Metropolitan News-Enterprise


Thursday, April 29, 2010


Page 3


Ninth Circuit to Review Ruling That Washington Inmates Can Vote


From Staff and Wire Service Reports


The Ninth U.S. Circuit Court of Appeals said yesterday it will reconsider a suit challenging a Washington law banning imprisoned felons from voting.

Chief Judge Alex Kozinski said in a brief order that a majority of the court’s nonrecused judges had voted to rehear the case of Farrakhan v. Gregoire, 06-35669, en banc.

A split three-judge panel ruled in January that incarcerated felons in Washington should be allowed to vote to ensure that racial minorities are protected under the Voting Rights Act.

That decision overturned the 2000 ruling of a district judge in Spokane, who held that the state’s felon disenfranchisement law did not violate the act, and dismissed a former prison inmate’s lawsuit.

Last year, state legislators passed a law allowing convicted felons to vote again once they finish any parole or probation. Previously, felons who were no longer in state custody were barred from voting if they still owed fines and restitution.
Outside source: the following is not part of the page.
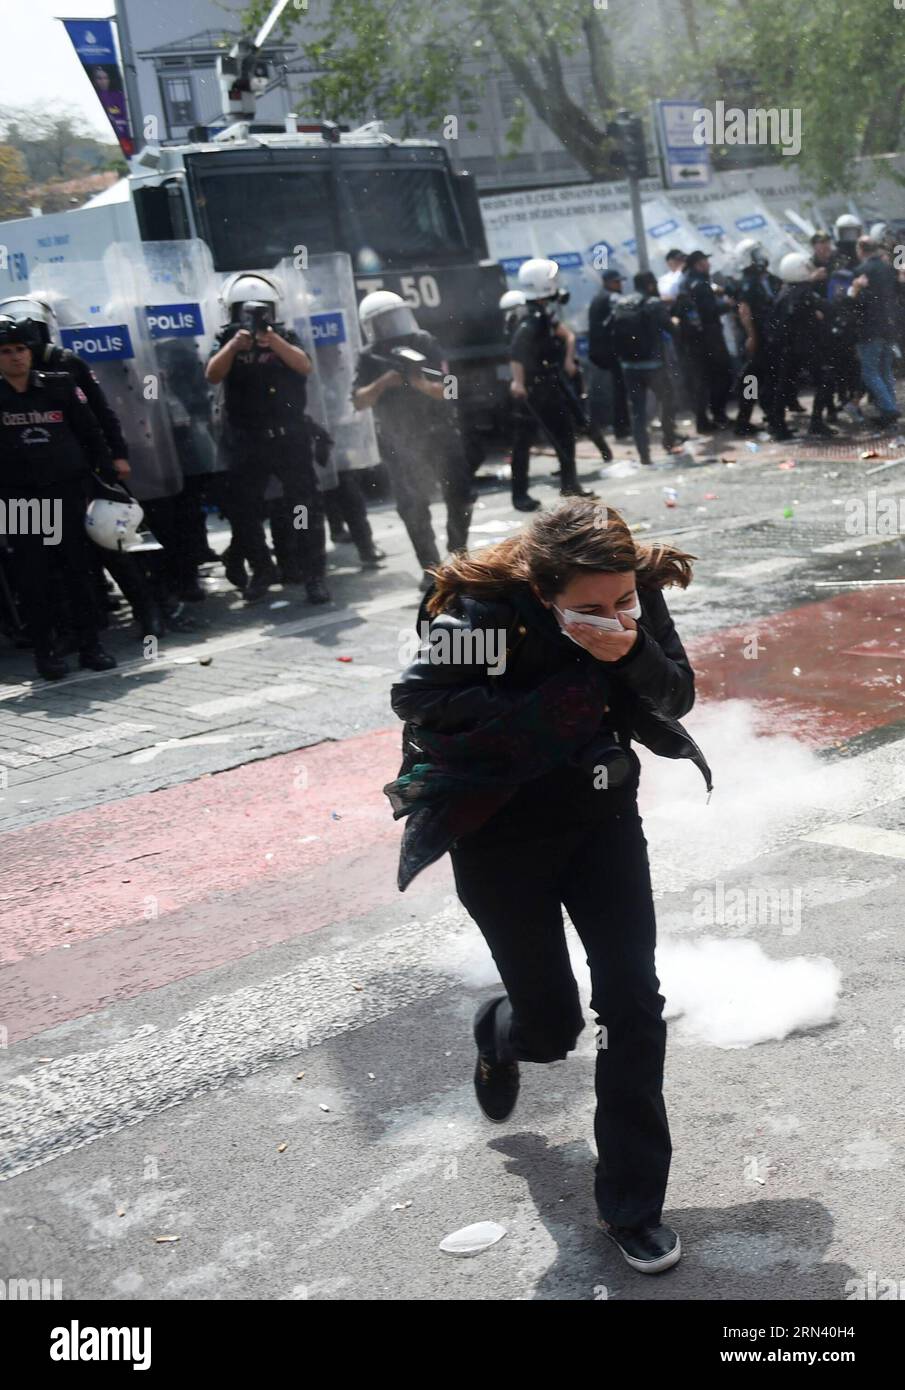 (150501) -- ISTANBUL, Mai 1,2015 -- Eine Frau bedeckt ihre Nase und ihren Mund gegen Tränengas während des maimärz in Istanbul, Türkei, 1. Mai 2015. Die türkische Aufständische Polizei feuerte am Freitag Wasserkanonen und Tränengas ab, um Demonstranten am Maitag zu zerstreuen, die vor fast 40 Jahren zum berühmten Taksim-Platz in Istanbul marschieren wollten, um dort Massenmorde an Arbeitern zu markieren. Istanbuls Sicherheitschef Selami Altinok erklärte, dass 136 Menschen inhaftiert seien. )(bxq) TÜRKEI-ISTANBUL-MAI-TAG-ZUSAMMENPRALL HexCanling PUBLICATIONxNOTxINxCHN 150501 Istanbul 1. Mai 2015 eine Frau bedeckt ihre Nase und ihren Mund gegen Tränengas während des Mai Tag M Stockfoto

Judge A. Wallace Tashima wrote for the majority in January that disparities in the state’s justice system “cannot be explained by non-racial reasons.” Joined by Judge Stephen Reinhardt, he said the state’s automatic disenfranchisement of felons resulted in the denial of the right to vote on account of race in violation of the 1965 act.

Judge M. Margaret McKeown dissented that the case should be remanded to the district court for findings on whether there was racial discrimination in the Washington criminal justice system and for the court to weigh other factors to determine if there was a violation.

The lawsuit was filed by Muhammad Shabazz Farrakhan of Bellevue, Washington. He was serving a three-year sentence at the Washington State Penitentiary in Walla Walla for a series of felony-theft convictions when he sued the state in 1996.

Ultimately, five other inmates, all members of racial minority groups, joined as plaintiffs.

The lawsuit contended that because nonwhites make up a large percentage of the prison population, a state law prohibiting inmates and parolees from voting is illegal because it dilutes the electoral clout of minorities, violating the 1965 act.

The state contended that the lawsuit should be dismissed because the law was not intended to discriminate against minorities.